In other words, the Co-Axial takes the brand that much closer to the ultimate goal of mechanical watchmaking… and yet success was never a foregone conclusion. As Stephen Urquhart reminds us, back in the early 1990s, George Daniels did the rounds of Swiss watch firms to no avail; no-one was interested in his invention. “Ultimately, it’s thanks to Nicolas Hayek’s forward-looking vision and the might of Swatch Group, particularly the expertise developed by Nivarox, that the project was able to take off. When I returned to Omega in 1999, I remember that tests were being carried out on 300 watches with existing movements that had been fitted with the Co-Axial escapement. At this stage, however, results were far from conclusive.”
A winning bet
Still, Omega wasn’t about to throw in the towel, far from it. Alongside the group’s movement-making entities, the brand decided to turn the problem around and build a completely new calibre that would provide the right conditions for the Co-Axial escapement to realise its potential. This wasn’t the easiest solution by a long chalk, as the brand would discover; it would take years of development before the Calibre 8500 saw the light of day, in 2007. “Back then, we were convinced of the advantages this alternative to the Swiss lever escapement could bring,” says Stephen Urquhart. “Now we have sufficient hindsight to certify that this type of movement is more reliable and ensures greater mechanical efficiency, hence more stable precision. This is something our after-sales service statistics clearly confirm, and the reason we can provide a four-year warranty on all our Co-Axial calibres.”

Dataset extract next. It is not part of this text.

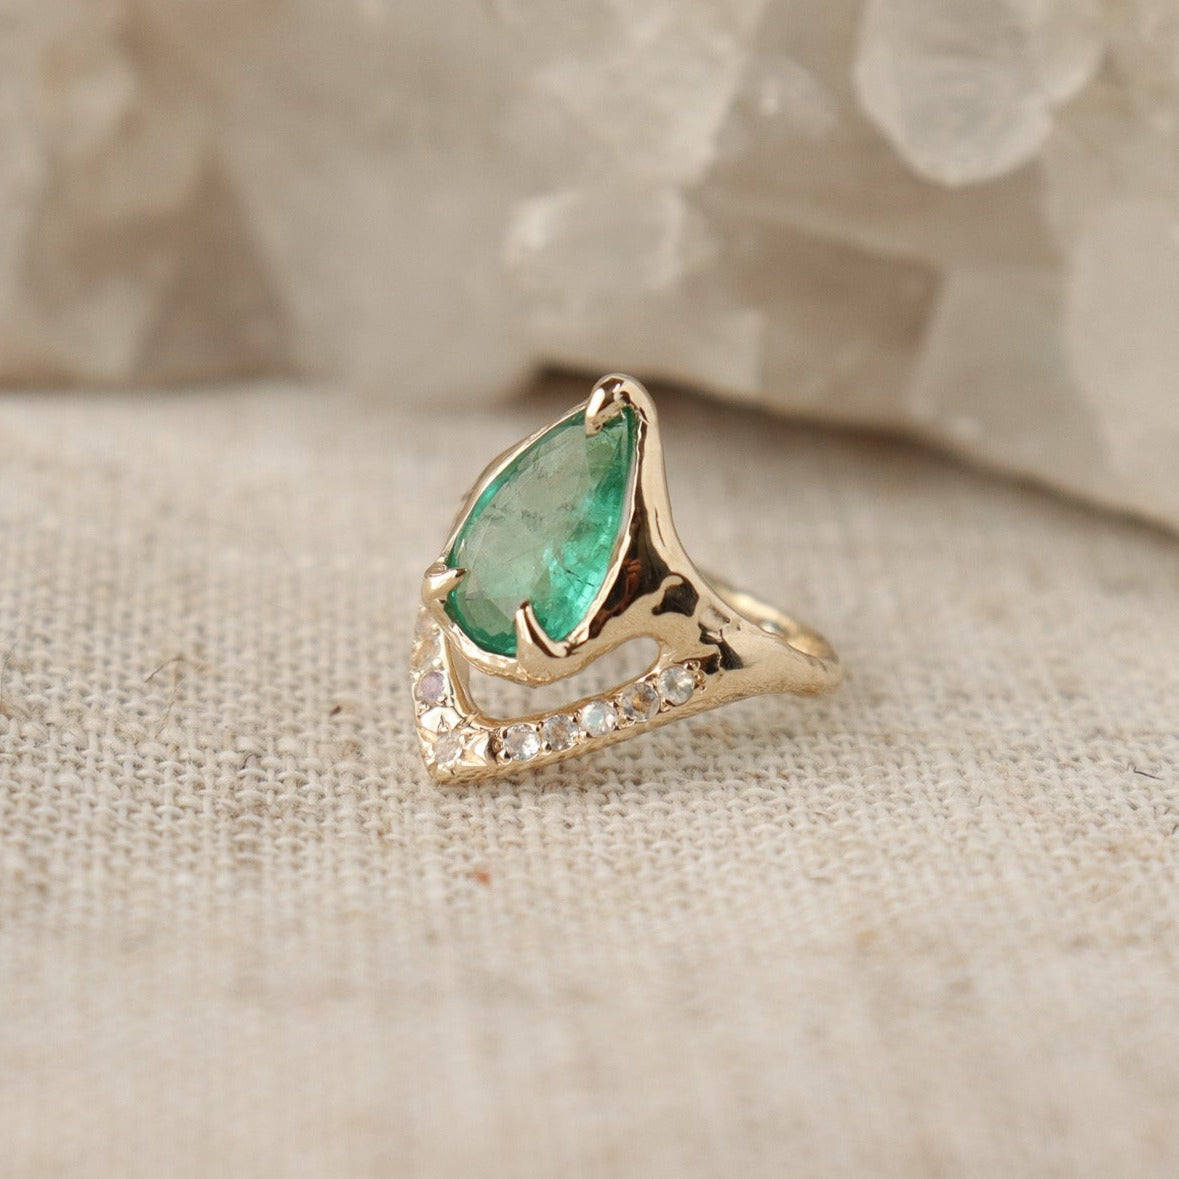 Close  up side view of a pear shaped emerald is set with prongs and has a V-shape band under the stone with moonstones.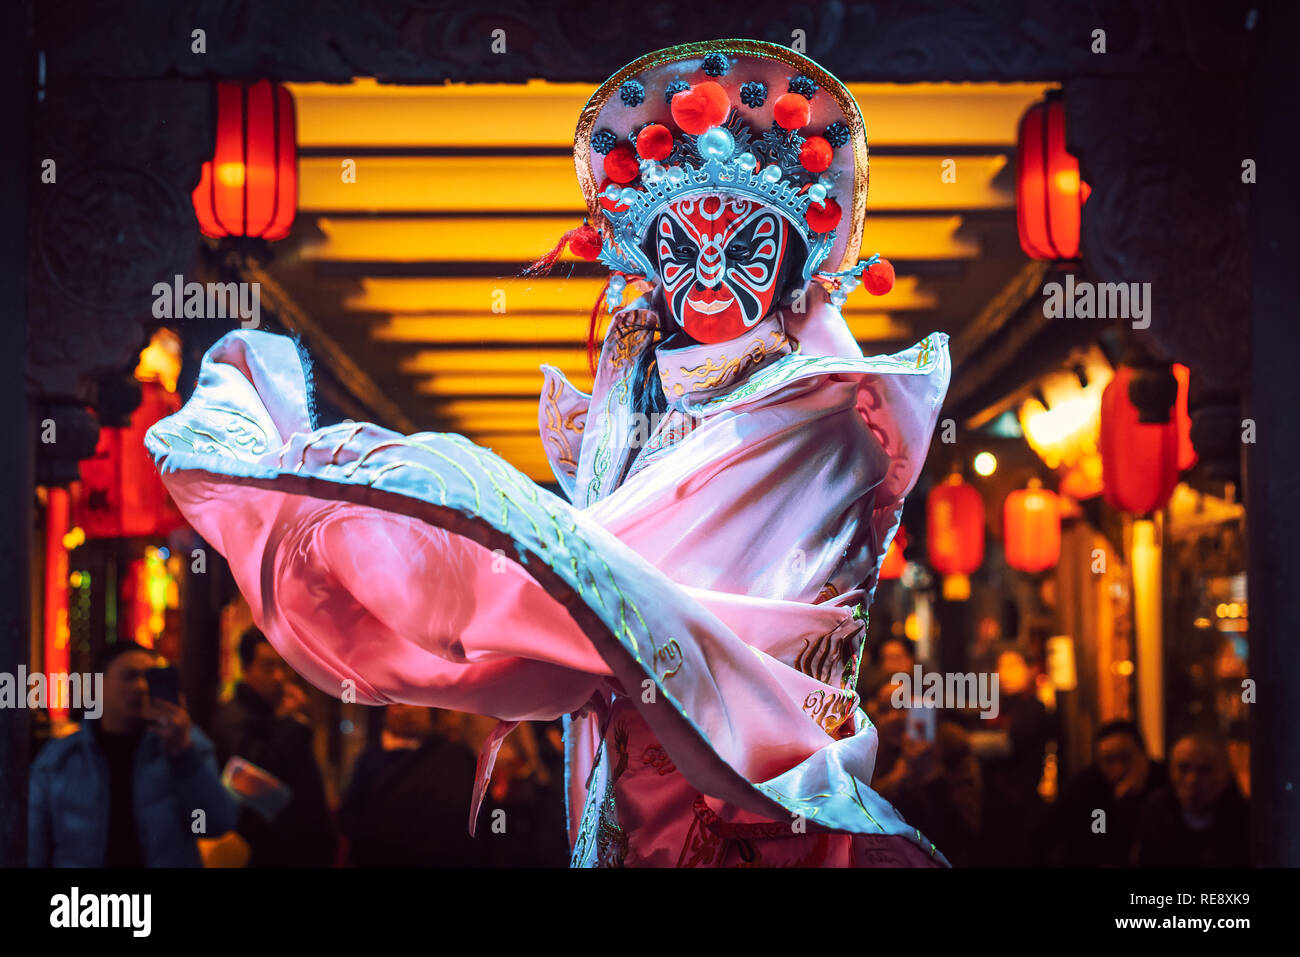 Chengdu, Sichuan Province, China - Jan 19, 2019: Chinese actress performs a public traditional face-changing art or bianlian onstage at Chunxifang Chunxilu covered street. Stock Photo

It should come as no surprise that the new range of Omega watches for women was designed with Co-Axial technology inside. As Stephen Urquhart says, “Ladymatic is Omega’s first real new collection since Constellation, which dates back to 1982. We’re extremely satisfied with results so far. Of course there is a cultural element behind women’s appreciation of mechanical movements, but their appeal is spreading across every continent. Because we always work with a view to the long term, I’m confident we’re on the road to success.”
Soon the world's N°1?
Now it’s a question of explaining the mechanical subtleties of the Co-Axial movement to the layman for whom nothing looks more like the escapement in a watch than another escapement in a watch. This is where Omega’s 250 worldwide stores come into play, half of which are wholly-owned by the brand. “Nothing is more important than contact with the end customer,” concludes Stephen Urquhart. “It can even be crucial in terms of communication. Omega is a prestigious brand, and customers today want a brand first and a watch second. In this respect, the three stores that Omega is opening this year in Brazil – our first in the host country of the 2016 Olympic Games where we will serve as official timekeeper – are an important step, given the high cost of entry into this market. I’d say that the Co-Axial and the Omega stores have been the brand’s two biggest decisions of these past ten years.”
Beyond these immediate considerations, Stephen Urquhart is serious when he suggests that Omega could recover its number-one status on the basis of “moderate” growth in the region of 5% to 10%. The company already occupied the number-one spot in the second half of the 20th century, when it had to go all out to produce three million watches a year. Watch this space!